# Huge isopod culture



## 55105 (Jan 27, 2015)

I have several isopod cultures in plastic shoebox bins and I was wondering if it would be better to stick with the shoeboxes or go to something much bigger?

Maybe something like this: Sterilite 28 Qt. Latch Box

Does anyone have experience with large isopod cultures or see any potential problems with this?


----------



## Pumilo (Sep 4, 2010)

Dwarf white isopods are "lazy". If you start them in a big container, the population seems to grow slowly. In a smaller container, they are closer to each other, and it seems to jump start them. It was only the dwarf whites that I noticed this with.


----------



## Pumilo (Sep 4, 2010)

Other than that, Poison Beauties used to run his cultures in great big, under the bed, plastic, sweater bins. He said it worked well. I do remember though, when he crashed a culture once, it was a big loss. It must have worked well enough, as he used to sell cultures at about a third the price of anywhere else.


----------



## 55105 (Jan 27, 2015)

Great! Thanks for the info. A big crash was my main concern but it seems like the way to go. I'd rather maintain a couple big cultures than 20+ little ones. They get overcrowded so fast!

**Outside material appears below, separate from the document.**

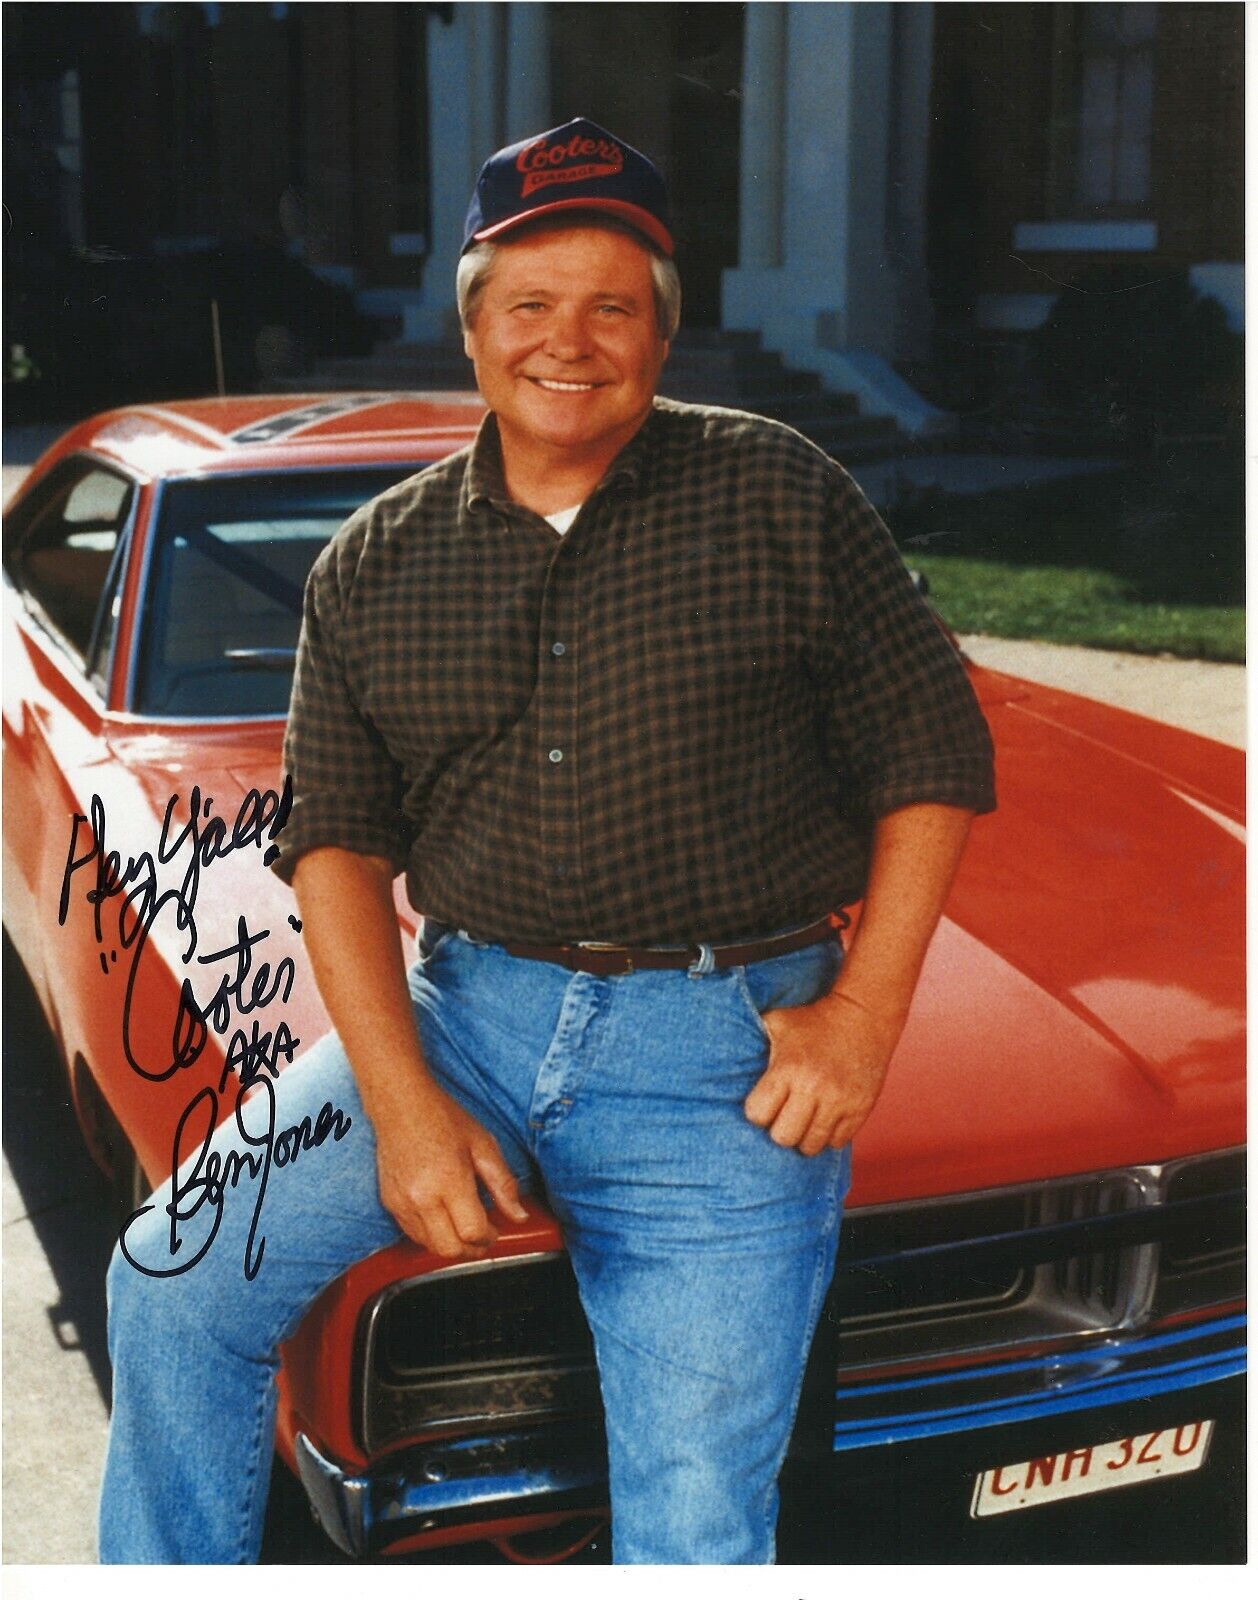 BEN JONES COOTER DUKES OF HAZZARD RARE SIGNED Photo Poster painting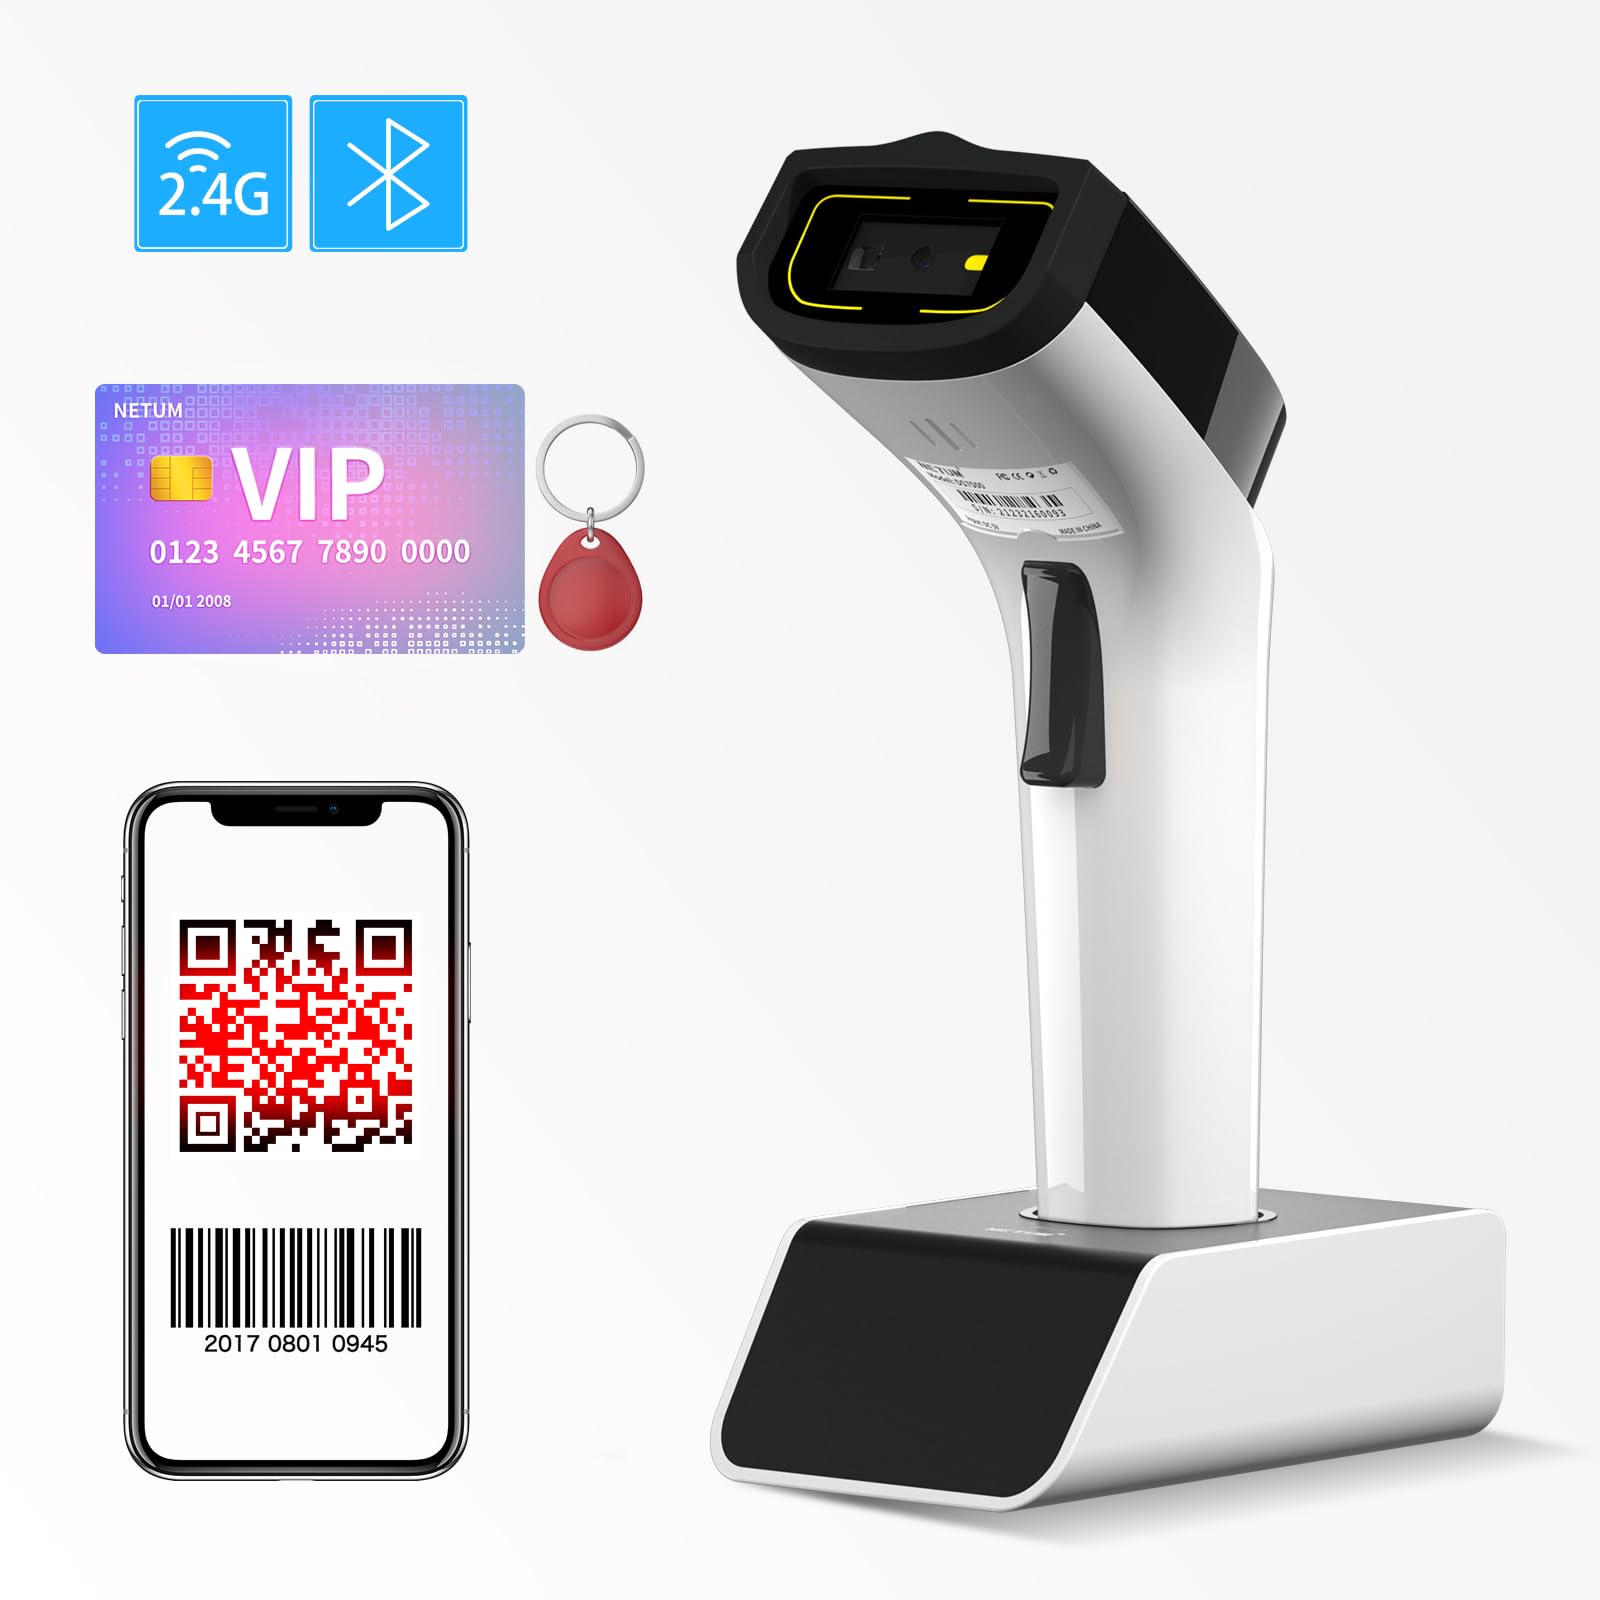 NETUM Hands Free Automatic Sensing Bar Code Reader 1D 2D QR pdf417 Scan Gun Works with MAC OS, Windows, iOS, Android - DS8100

It's probably not realistic but it would be cool to use a taller enclosure and try to build underground layers in the culture kinda like an ant farm


----------



## boabab95 (Nov 5, 2009)

I've done both, and found the same as Doug; the bigger the culture the longer they take to build a huge colony (though I didn't time it, so it may have been a negligible difference). Once it grew to a big enough colony though, it takes off! It does seem to help if the substrate isn't too thick (~2'' or so).

I'd start a bunch of little ones, and once you have them coming out of your ears, try a couple bigger cultures.


----------



## Frogsarefun (Nov 25, 2015)

Pumilo said:


> Dwarf white isopods are "lazy". If you start them in a big container, the population seems to grow slowly. In a smaller container, they are closer to each other, and it seems to jump start them. It was only the dwarf whites that I noticed this with.


I totally agree, white Isopods hardly move.
I start with small cultures for all my Isopods, and move up as the culture grows.
I like to top the cultures with leaf litter 
Or cardboard squares so they can have a dryer area if they want it.


----------



## Ruskii_Nomad (Sep 12, 2019)

Thank you everyone for talking about all of this here, this was very helpful!


----------



## Tijl (Feb 28, 2019)

I have realy big isopod cultures of porcellionides pruinosus and they trive better in this, whites are indeed better if kept smaller.


----------